I had seen this coming, and dreaded it. “Yes,” I said. “I will. But I have questions. Last time I was in Lohikarma, I asked you if you had any legal status in his medical care. You never answered. Is there anything I should know?”
Seth hesitated.
“If he were referred by his employer, his doctor, I would receive a file,” I insisted. “I don’t like to feel I am going in blind.”
He took a breath and let it out heavily. “Okay. After Venkat got home from his time in India,” he began, “all seemed to be going fine, as far as I could tell.”
“You had set him up, his routines, his teaching.”
“Exactly.” Seth had a mannerism sometimes, small, jerking motions of his neck, as though the weight of his jacket on his shoulders was too much. “Venkat was distant, but otherwise normal. Uh, except …” He digressed. “Except sometimes, when we were on campus, or once when I took him shopping, he would think he saw one of them.”
“One of them?”
“Sita or Sundar. He would become lively. All of a sudden. A startling kind of change. He would stop and stare, at the campus, or the mall, looking very happy.” Seth showed me, half standing, agape. “And then, phoosh, he would deflate again, his cheeks sinking, his shoulders going down. Once he explained it to me, so then I understood the other times. He was thinking he saw one of them.”
“Not uncommon.”
“Oh?” The eyebrows went up. “You hav
e heard this from other family members, research subjects?”
“Well, yes,” I said. “And also clients, in my therapeutic practice. Although they know, intellectually, that their loved one is dead, they will go on for years thinking they spot them, here and there.”

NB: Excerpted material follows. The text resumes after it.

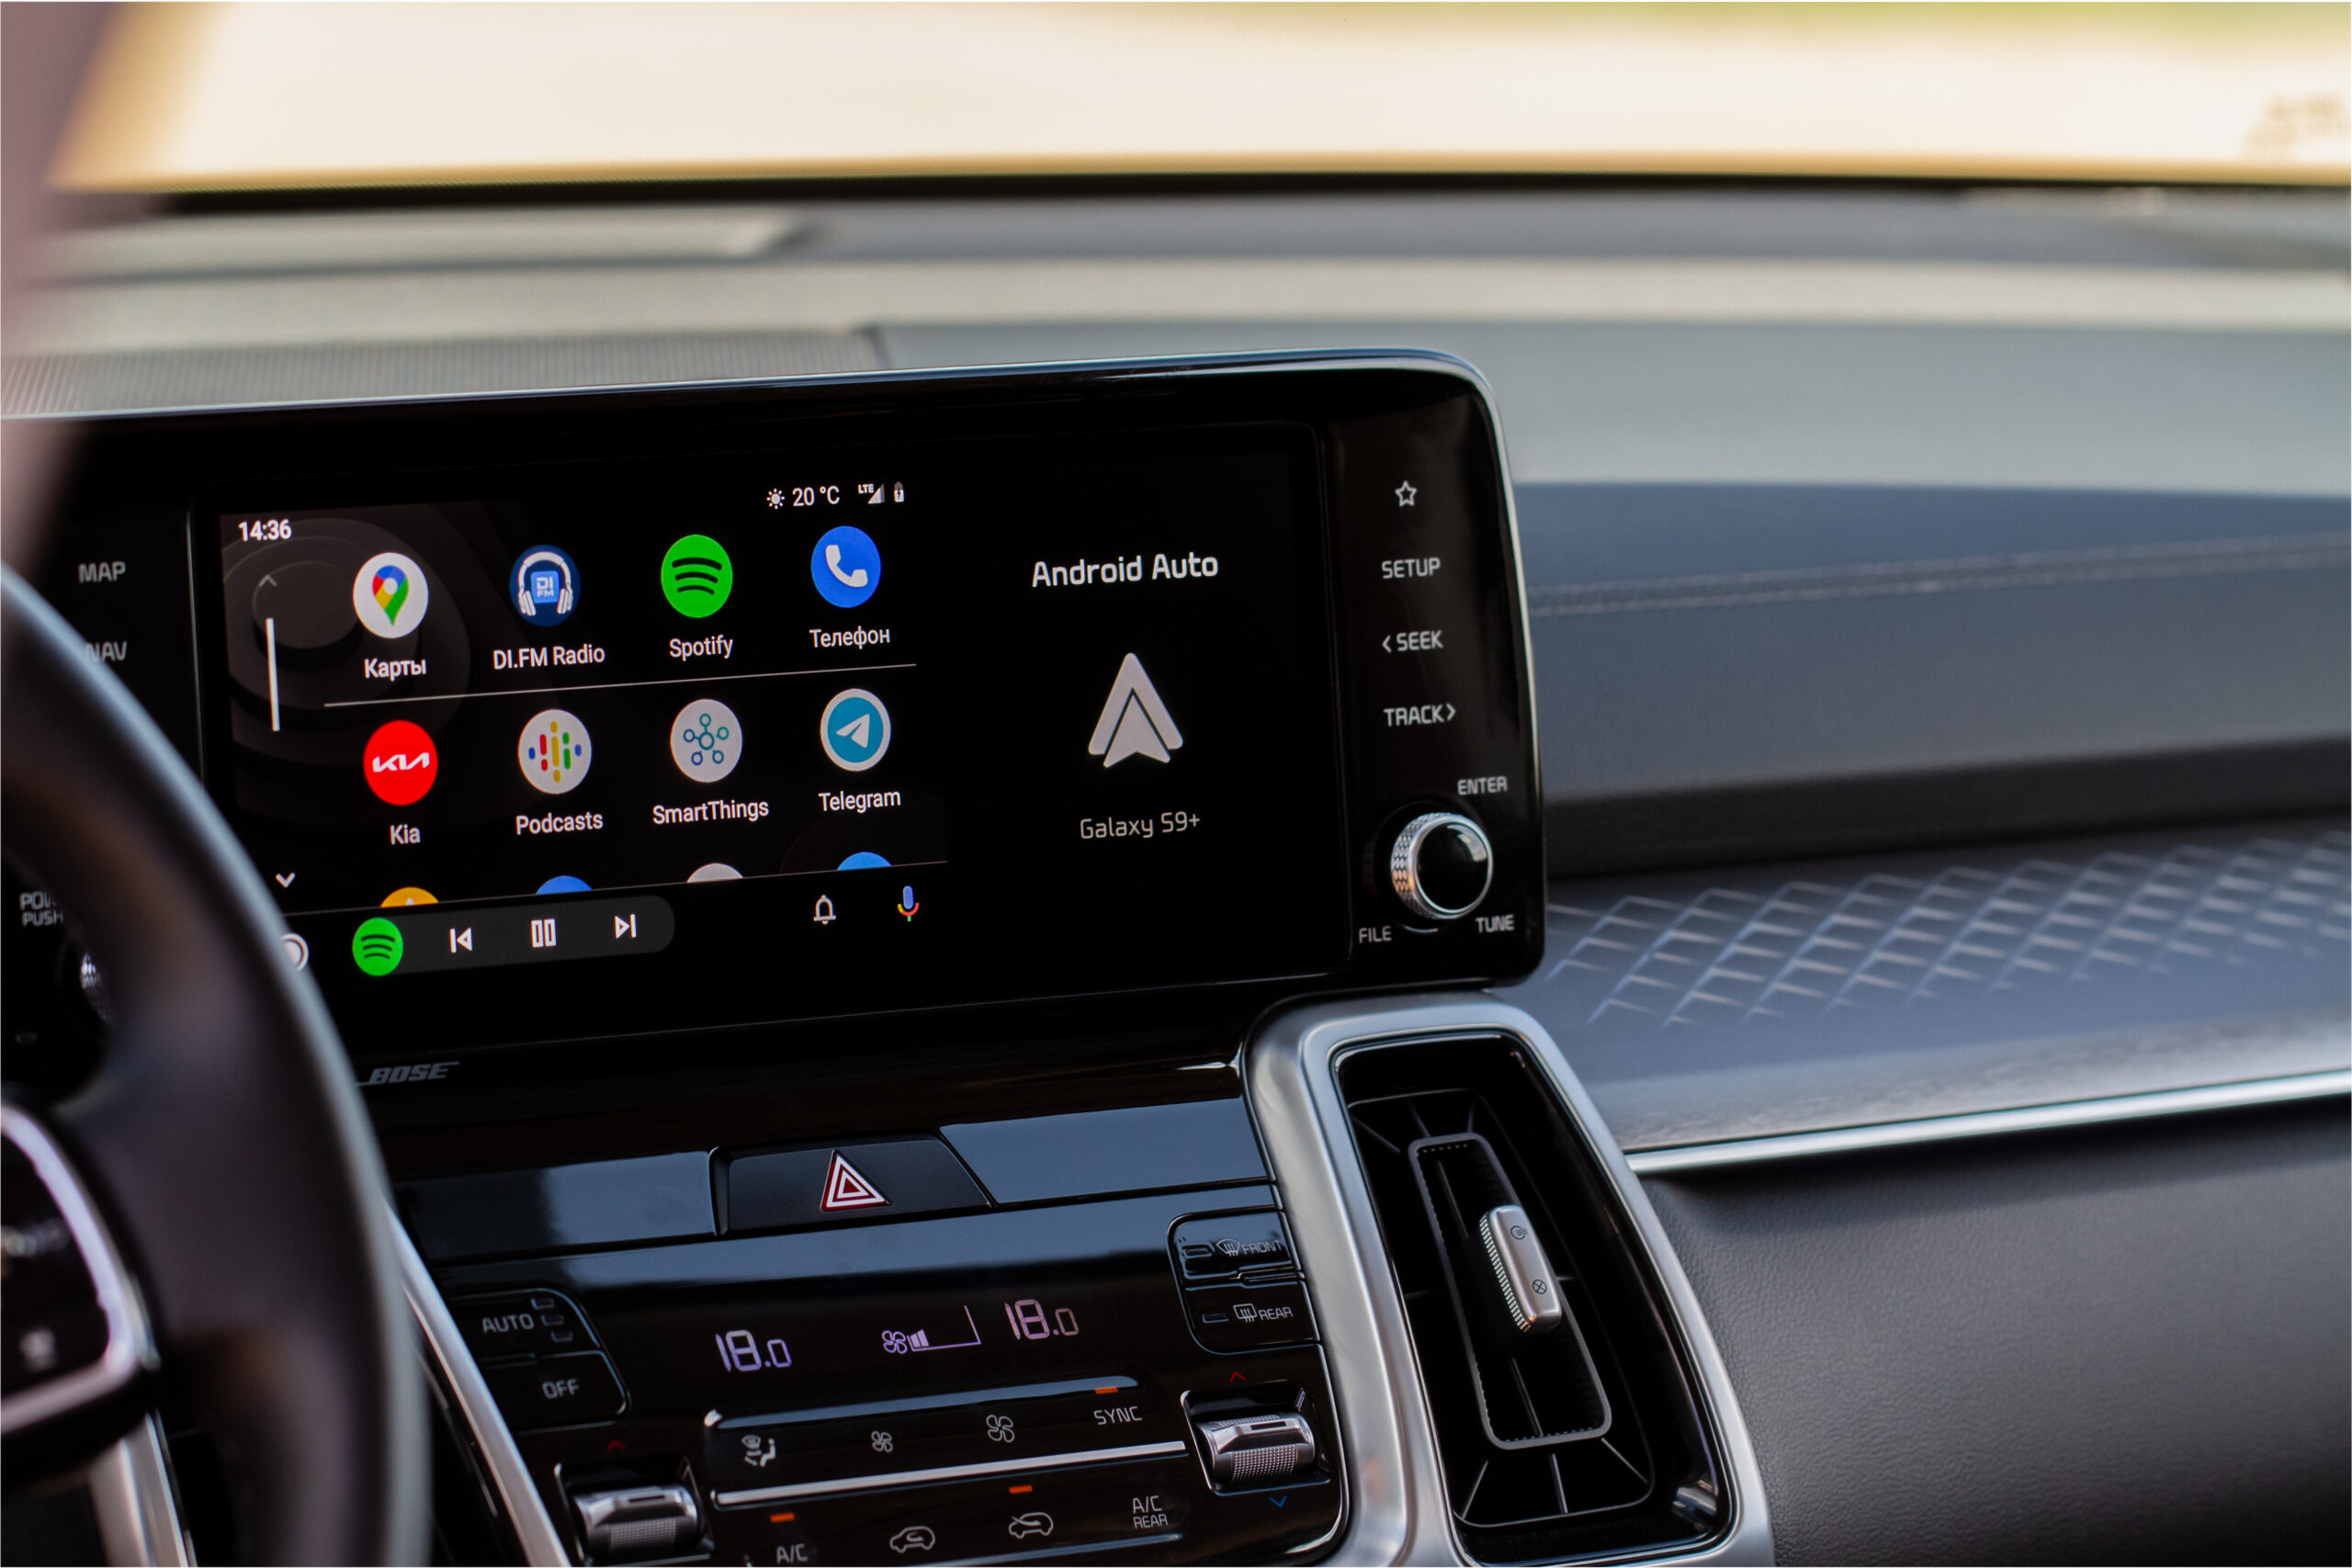 Андроид авто fermata. Android auto. Android auto на экране автомобиля. Под система с игрой внутри на экране.
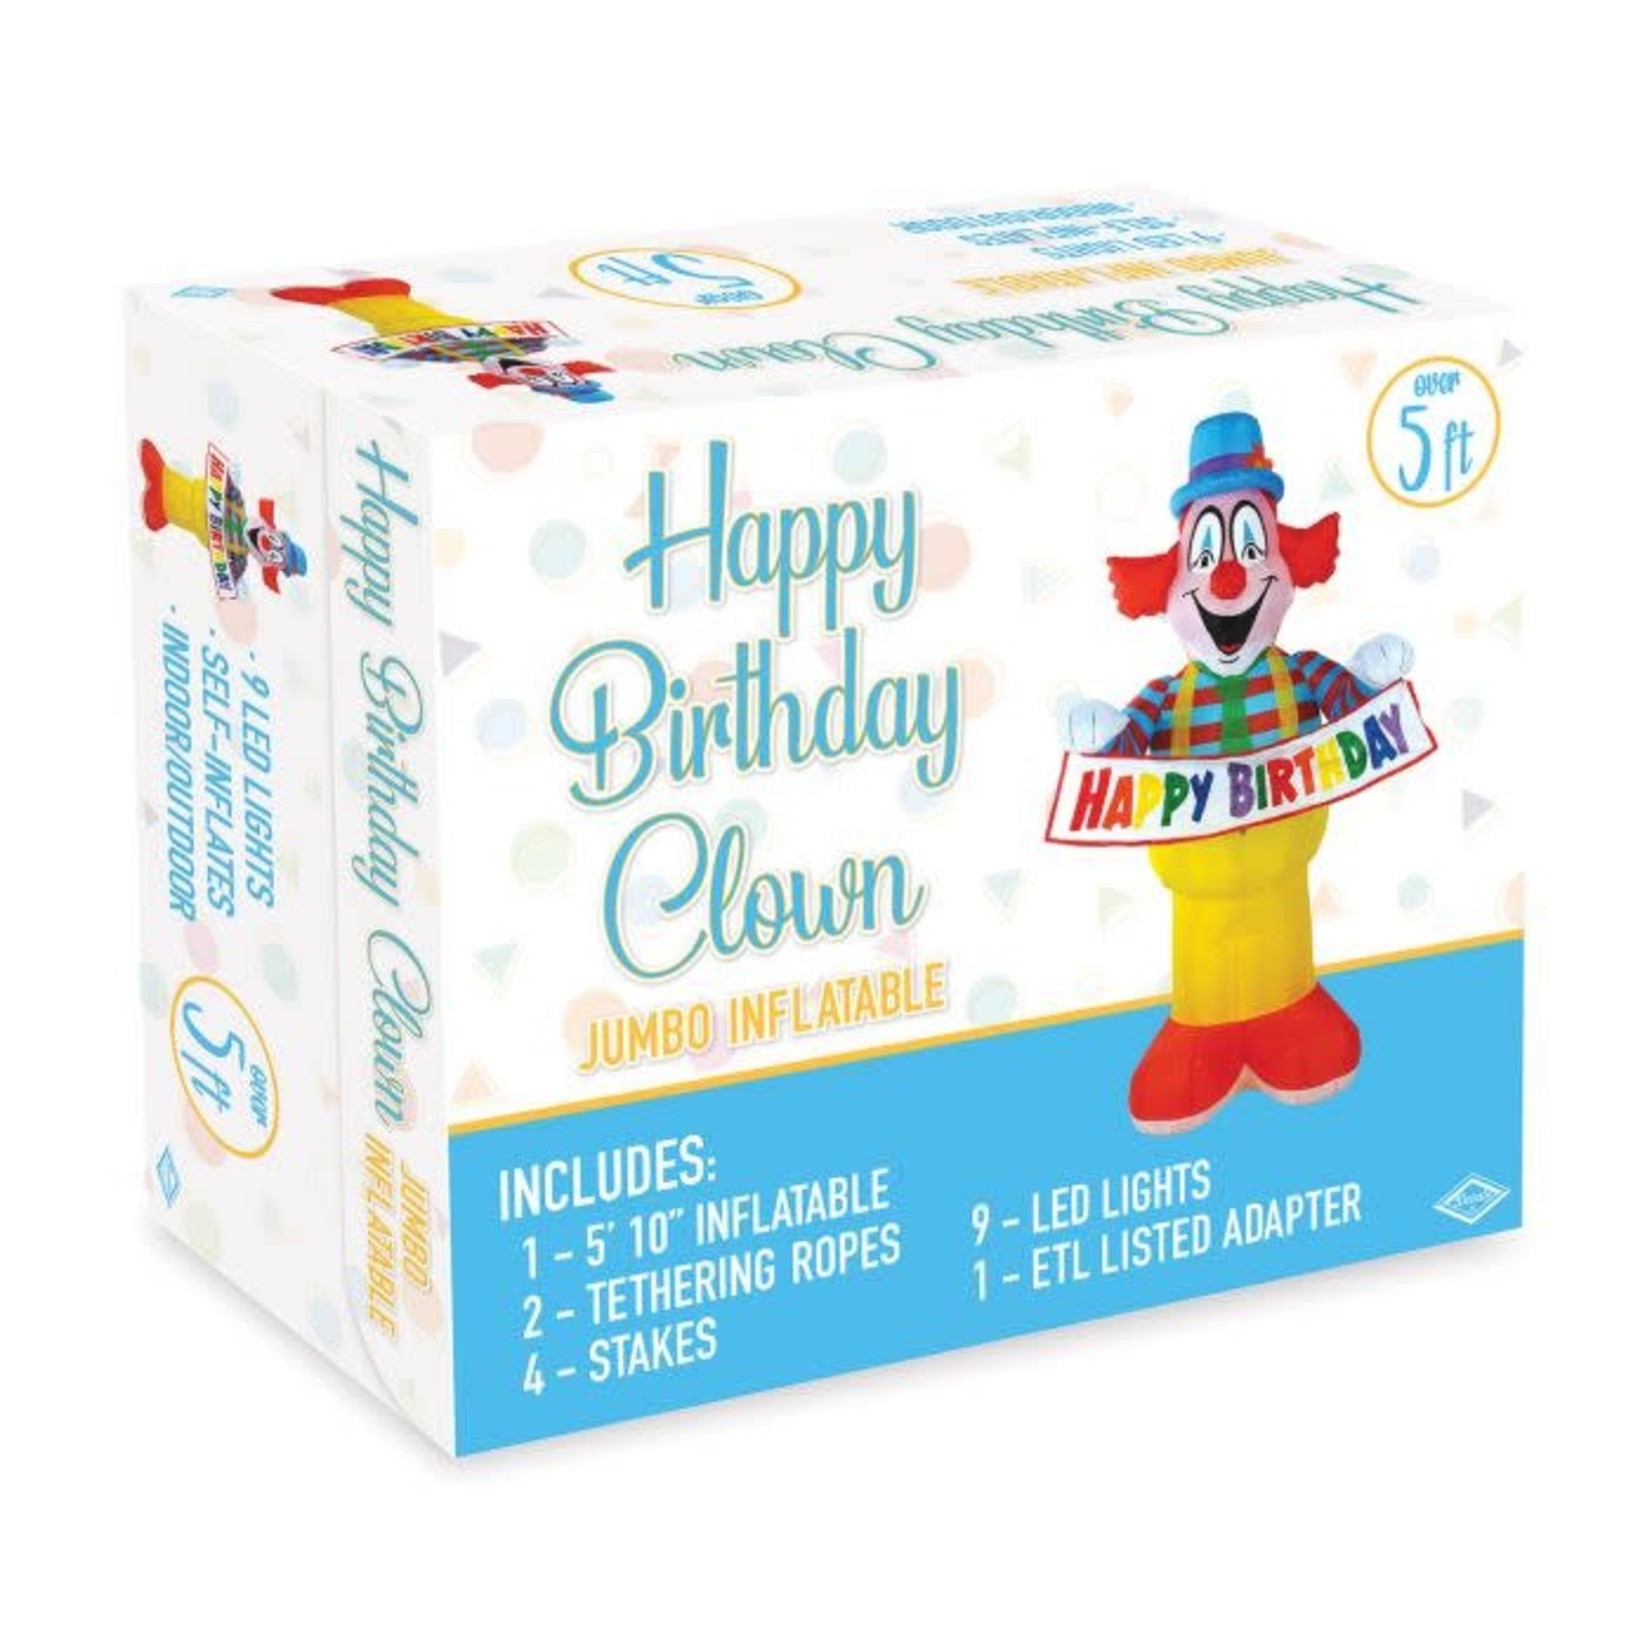 Beistle Inflatable Happy Birthday Clown Jumbo - Indoor/Outdoor

“But he, he got Sundar’s body. With Sita, I could have understood more. No closure, and all.”
“I’ve seen it in cases where the death was unambiguous, not even sudden.” Seth seemed to accept this. “But he appeared to be adjusting?”
“I suppose. I was worried. Every once in awhile, I would wake up in the night and be so worried, and I would go and see him.”
“Worried? Had he said something to worry you?”
“No. Well, I don’t think so. One thing he said, but I don’t really remember if this was before or after …”
“Before or after …?”
“I’m getting to it. He told me he could still remember the sound of Sundar’s voice, but he couldn’t think of what Sundar would have said.” Seth looked at me, questioning, I think, whether I understood. “I knew exactly what he meant. It was because he lost Sita too. When our daughters were small, I would come home from work and my wife would tell me the things they said. I would make her repeat them; I could never remember exactly how they went. Even when I was there, with the children, she would repeat to me what they had just said. You’re not trained to notice those things, as a man, or to remember them. So I knew what Venkat meant.”
“And so you would go to see him, in the night?”
“The door was never locked. He was always awake, often sitting on the family room sofa. Most often, we would pray. And then I would make him go to bed, and I would sleep on his sofa, go home in the morning.” Seth swallowed. “On this night—I guess it was late October? There was a bit of snow already. I woke up, like I said. Cold chills. I had been feeling fine, but now, it was like a fever. A fever of dread. I rushed into his house but he wasn’t on the sofa, not in the bedroom, bathrooms. I ran through the house, calling his name, but I didn’t hear anything. I thought, He went somewhere? In the middle of the night? He didn’t come home from the office? I had this fear. I knew I had to keep looking. I opened the front door, but there were no footprints in the snow. Suddenly, it hit me. I rushed to the garage. He was sitting in the car.”